*Assigned task*: Find all lines below containing the string "Tischleuchte" and return them.

*Records provided*:
# # # # # # #

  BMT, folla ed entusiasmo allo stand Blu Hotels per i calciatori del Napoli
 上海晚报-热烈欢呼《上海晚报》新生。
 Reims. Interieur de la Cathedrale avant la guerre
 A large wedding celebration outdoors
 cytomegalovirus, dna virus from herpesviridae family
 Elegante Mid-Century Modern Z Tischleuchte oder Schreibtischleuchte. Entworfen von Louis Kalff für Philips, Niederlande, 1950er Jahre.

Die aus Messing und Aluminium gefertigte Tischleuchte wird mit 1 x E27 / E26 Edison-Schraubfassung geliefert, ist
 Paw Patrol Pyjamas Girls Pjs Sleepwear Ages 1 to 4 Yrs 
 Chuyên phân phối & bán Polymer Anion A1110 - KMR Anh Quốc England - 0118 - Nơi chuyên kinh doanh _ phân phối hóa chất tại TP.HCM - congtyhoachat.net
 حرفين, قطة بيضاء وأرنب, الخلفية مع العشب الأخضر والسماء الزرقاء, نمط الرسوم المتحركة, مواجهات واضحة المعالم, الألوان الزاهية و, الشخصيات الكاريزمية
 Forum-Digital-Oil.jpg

# # # # # # #

*Result of this exercise*:
 Elegante Mid-Century Modern Z Tischleuchte oder Schreibtischleuchte. Entworfen von Louis Kalff für Philips, Niederlande, 1950er Jahre.
Die aus Messing und Aluminium gefertigte Tischleuchte wird mit 1 x E27 / E26 Edison-Schraubfassung geliefert, ist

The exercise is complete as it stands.